In 1995, Jabri and coworkers succeeded to fully report the three-dimensional structure of urease enzyme from crystallography studies done with urease enzyme derived from Klebsiella aerogenes [16]. Later on, additional structures were revealed for ureases identified in Bacillus pasteurii, Helicobacter pylori, and maximum newly C. ensiformis [1719]. Certainly, the characterization of the urease enzyme structure from a legume was central to improve and comprehend the supplies for ureolytic properties of this type of enzymes in diverse animals [20].

The countless resemblance of amino acid order among ureases since multiple origins recommends a mutual family for this enzyme [21]. Urease enzyme part an elementary trimeric collection with one, two, or three subunits that can combine creating dodecameric or hexameric. Each active position comprises two Ni2+ ions separately after all additional between 3.5 and 3.7 Å, linked by oxygen particles of a lysine carbamate rest and a hydroxide ion [22].

Medicinal plants and fungus ureases showed a solitary polypeptide chain though bacteria which must be 2/3 of dissimilar subunits (A, B, and C) [23]. The combination of Ni2+ ions in protein structure is supported by additional proteins, supposed to be specific urease chaperones [23].

Urease enzyme in the background of H. pylori, which raise the medium pH by the accretion of NH3, is a urease trait of great medical position [13]. Gastrointestinal infections or urine by ureolytic bacteria can be a basis of health problems in humans and many other animals including pyelonephritis, kidney stone formation, ultimately hepatic coma, and hepatic encephalopathy [24]. Consequently, the main public health subjects are connected by H. pylori, Gram-negative bacteria that are bright to live in an environment as acidic as that of the stomach (pH 2–4). By way of significance, H. pylori poison can bring gastric irritation and raise the risk for the growth of duodenal, gastric adenocarcinoma, gastric ulcers, and gastric lymphoma [24].

Fifty percent of the universal population is dedicated by H. pylori. H. pylori can persevere in the stomach for the entire life of diseased persons without producing illness signs. The high occurrence of H. pylori in human population designates that such microorganism has established mechanisms for confrontation against host fortifications [25]. The urease enzyme present in cytoplasm or bound to H. pylori superficial is the chief virulence factor of such human pathogen [25]. It is suggested that the lyses of some pathogen cells tip to the issue of cytosolic ureases which connect to the superficial of intact bacterial cells and basis the hydrolysis of urea existing in human guts at an absorption of 3 mM. The NH3 fashioned raises the medium pH, which produces an outgoing location for H. pylori survival [26]. Throughout the past 20 years, the endorsed first-line therapy for H. pylori abolition contained the mixture of the antibiotics amoxicillin and clarithromycin with omeprazole, a proton pump cell inhibitor. The upsurge of H. pylori resistance to these antibiotics (chiefly to clarithromycin) completes this therapy which is a non-attractive choice in new ages [27]. Additional action plans have arose to competition H. pylori infections, which comprise the usage of bismuth salts joint with a proton pump cell inhibitor [28]. Furthermore, urease inhibitors might be active therapies for the cure of diseases produced by urease-dependent pathogenic microorganisms. However, the commercially accessible urease inhibitors, including hydroxamic acid derivatives, phosphorodiamidates, and imidazoles, are toxic and have low stability, feature that stop their clinical usage [29]. The main search for new, known, novel, and bioactive urease inhibitors which enhanced stability and low toxicity is necessary to improve life excellence of human beings and animals.

4.2. Xanthine oxidase

Gout is a public illness with a universal spreading.
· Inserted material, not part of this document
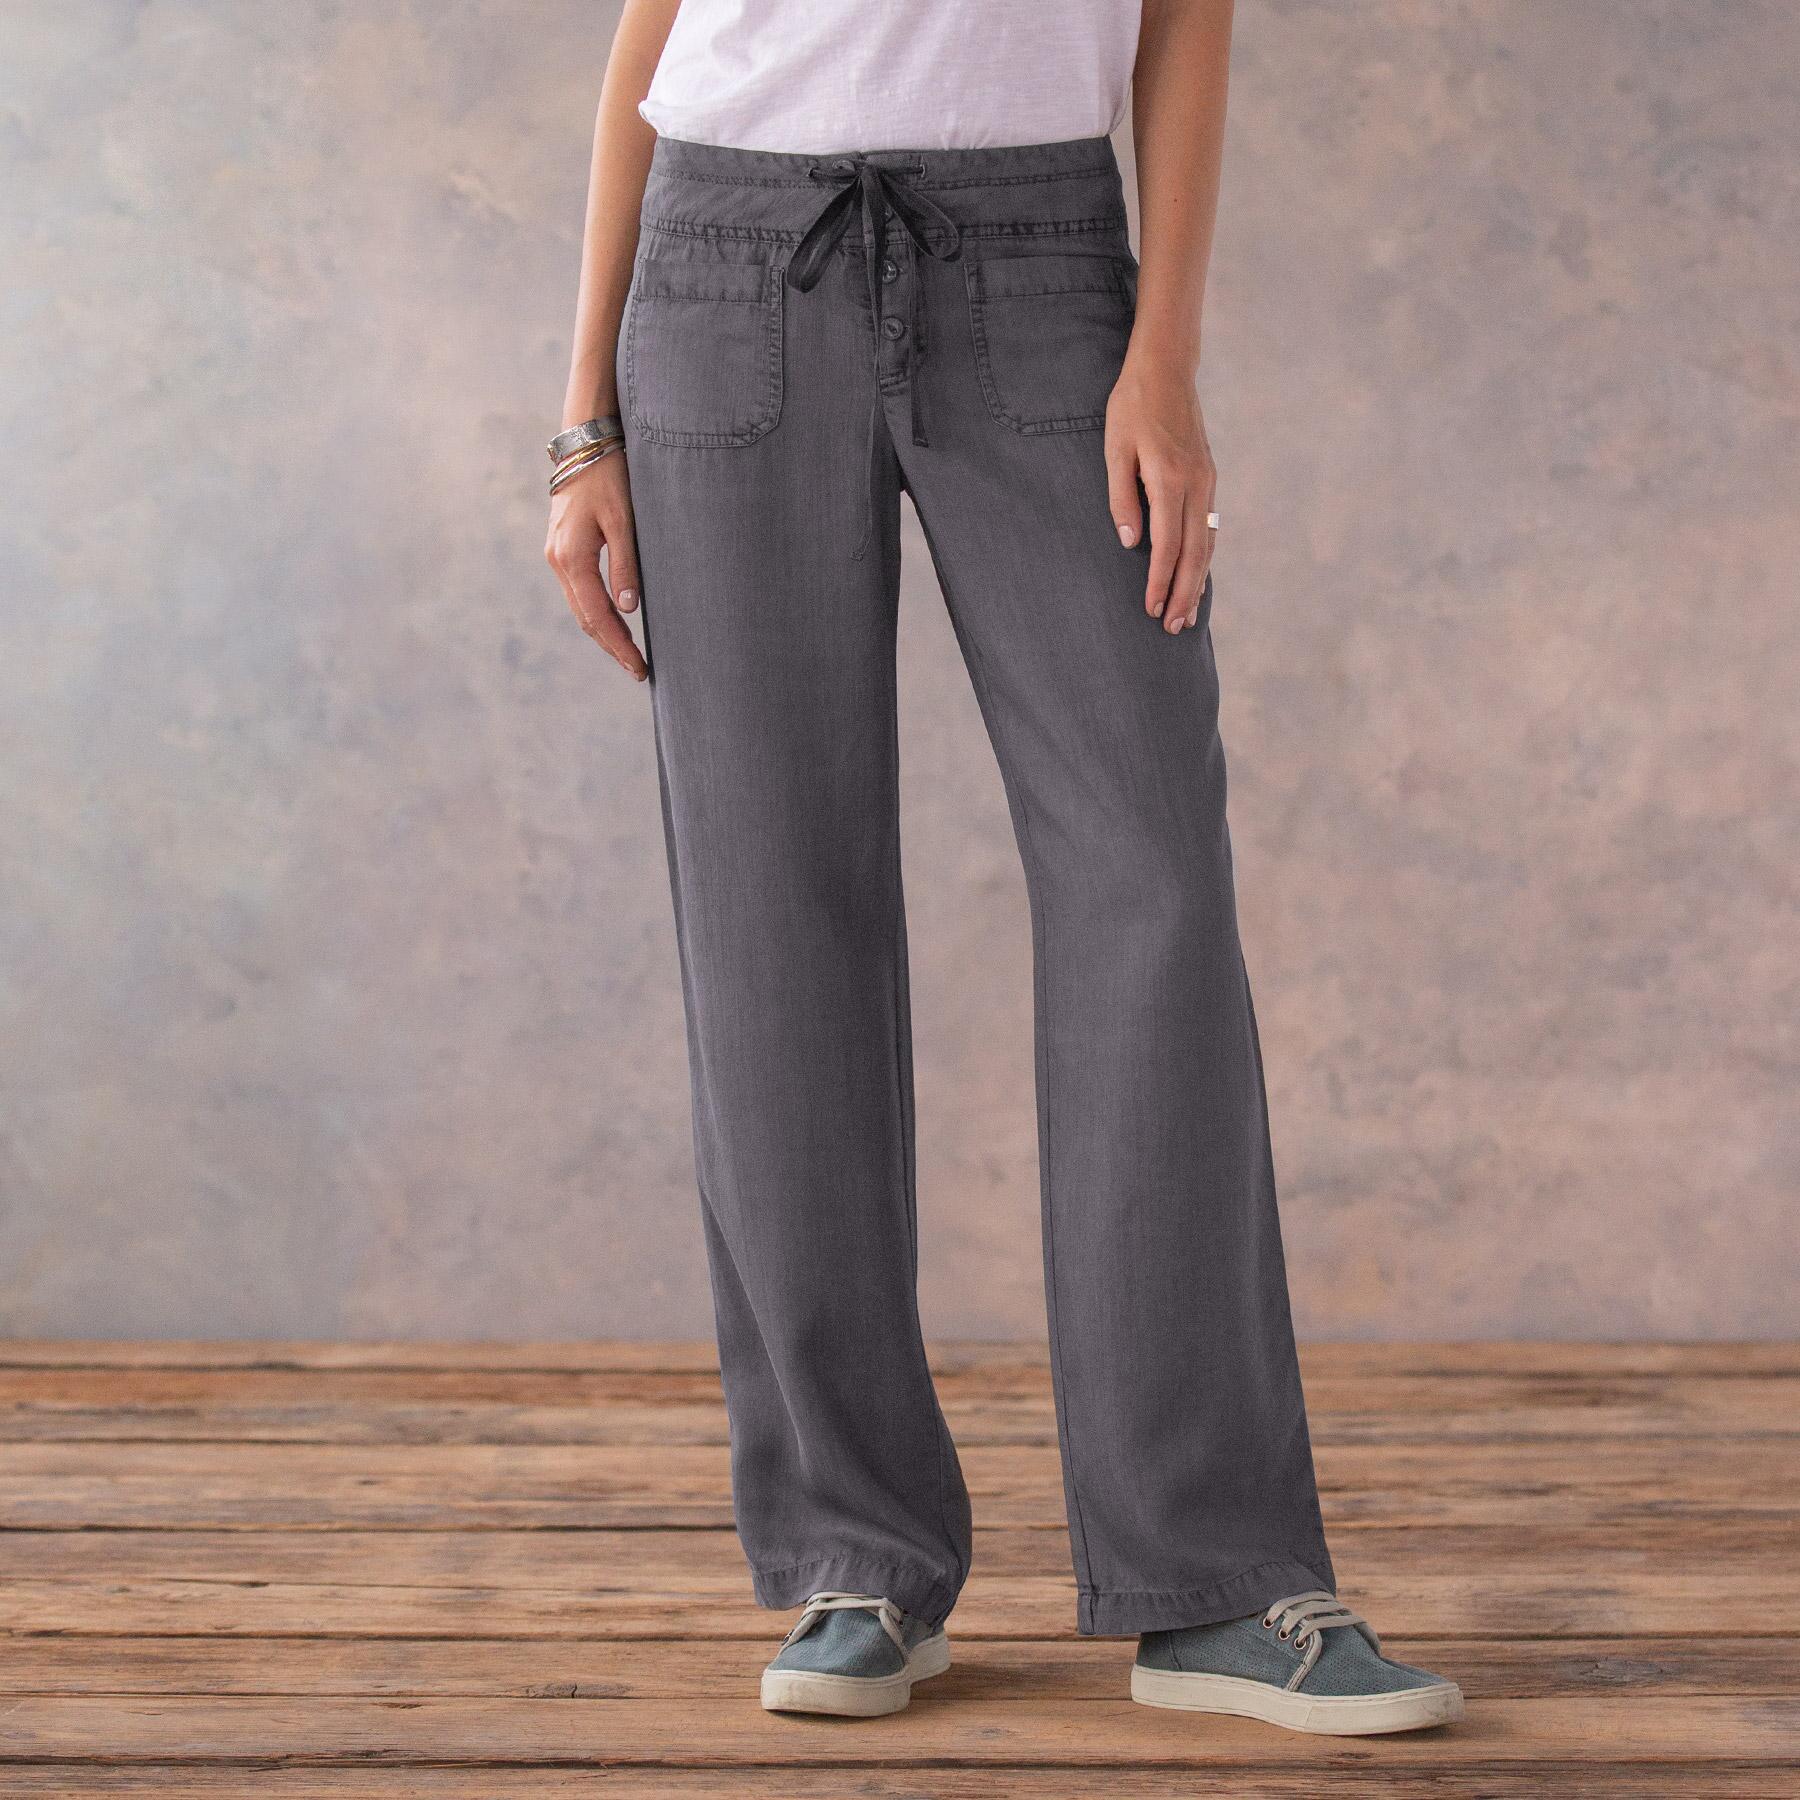 TENCEL® GIGI WIDE LEG PANTS - PETITES: View 2

Hyperuricemia, related with gout, is current in 5–30% of the overall people [30]. It appears to be growing universally and is measured as an important risk issue in thoughtful complaints similar to tophaceous gout, gouty nephropathy, and nephrolithiasis [31, 32]. Hyperuricemia consequences from the overproduction or under-excretion of uric acid and is importantly unfair by the high dietary consumption of foods ironic in nucleic acids, such as meats, leguminous seeds, and certain kinds of sea food. Throughout the previous step of purine metabolism, xanthine oxidase catalyzes the oxidation of xanthine and hypoxanthine into uric acid uricosuric drugs which development the urinary removal of uric acid, and xanthine oxidase inhibitors which block the mortal step in uric acid bio-synthesis, can minor the plasma uric acid concentration, and are usually working for the conduct of gout [33]. Furthermore, xanthine oxidase helps as a significant organic source of oxygen resulting to free radicals that pay to oxidative damage of existing materials producing several extreme positions like inflammation, carcinogenesis, hepatitis, ischemia reperfusion, as well as elderly [34, 35]. Allopurinol is the individual clinically used xanthine oxidase inhibitor in the cure of gout [36]. This drug bases countless side effects including nephropathy, hepatitis, and allergic responses [37]. Thus, the exploration for new xanthine oxidase inhibitors with advanced therapeutic potential and less side effects wanted not only to treat gout but also fight numerous additional diseases connected with xanthine oxidase action.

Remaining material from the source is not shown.